| | Having read all of Card's Speaker for the Dead series, I have to say that while a couple of them are well worth reading - Shadow and Ender's Game, especially, after a while I got tired of the kind of monotone, deprecated humor. The originality was gone, and the constant clever word plays just seemed silly without really new content.
I personally loved Vinge's "A Fire Upon the Deep" (not "A Fire Below"), for his ability to suggest convincingly truly alien species and mentalities. Most sf authors are truly unable to convey that sense. Aliens are usually depicted as just humans with extra digits or who breathe ammonia. The "tines," on the other hand, really did have a different kind of mind. And the logical analysis involved in such scenes as when the fleet is following the heros, based on false premises planted by the Perversion, and each side is playing mind games, manipulating the data while trying to see through the other side's smoke screens, I thought was classic. I recently reread both "A Fire Upon the Deep" and its prequel.
Vinge's prequel to it, however, written a couple decades or so later, "A Deepness in the Sky," not only raises all kinds of interesting questions about the possible limits of progress, but also introduces a genuinely new technology that is all too doable.

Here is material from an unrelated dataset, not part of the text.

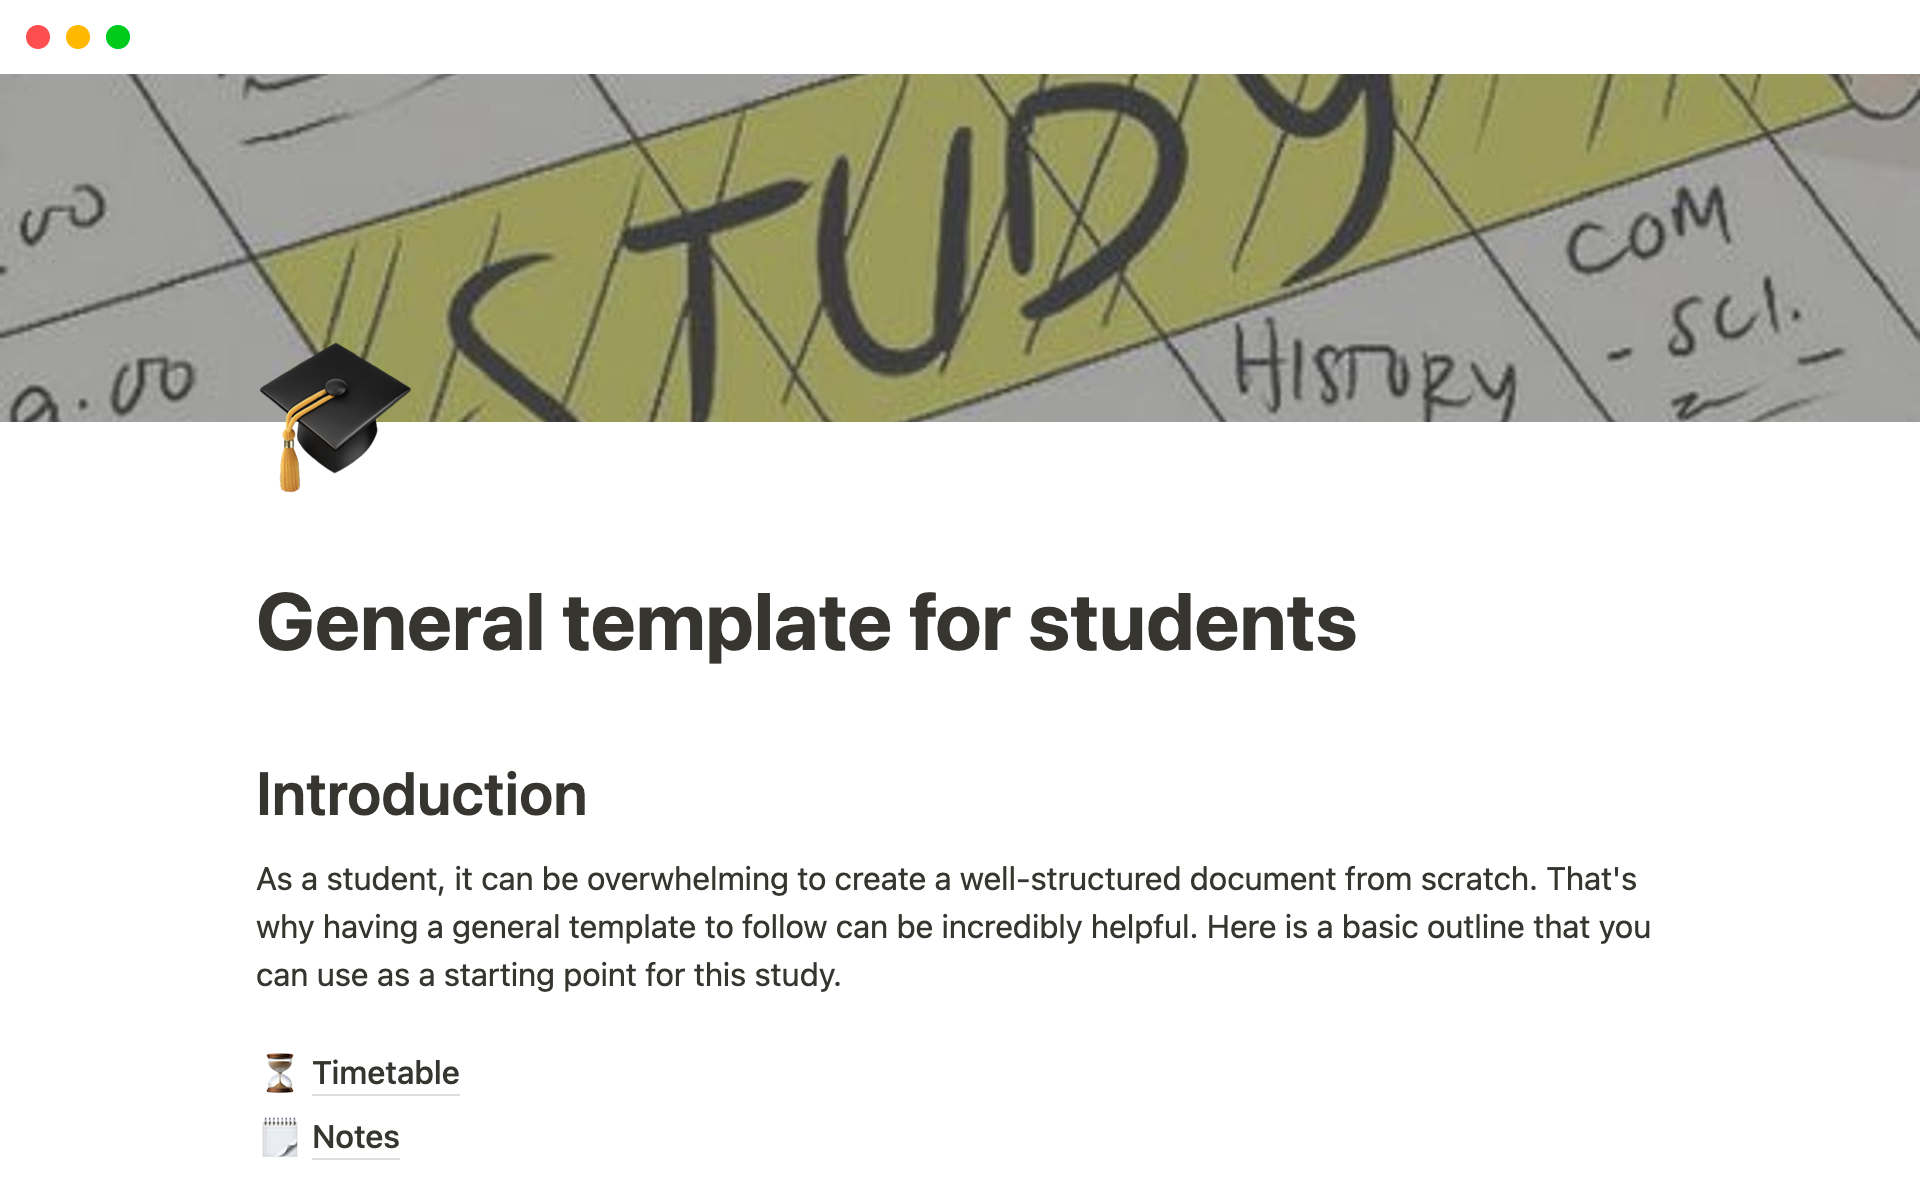 Vista previa de una plantilla para General template for students

I note that only Heinlein and Lois Bujold got more Hugos for their novels than Vinge. Vinge has three now, including the three novels mentioned in this thread and, I believe, a couple of his short stories or novellas got the equivalent awards. The paperback edition of "Rainbows End" has Vinge getting four Hugos, which is incorrect, I gather. Vinge was, however, both the originator of the concept "singularity" as applied to future human progress, and also the original cyberpunk sf author, with his classic "True Names" short story.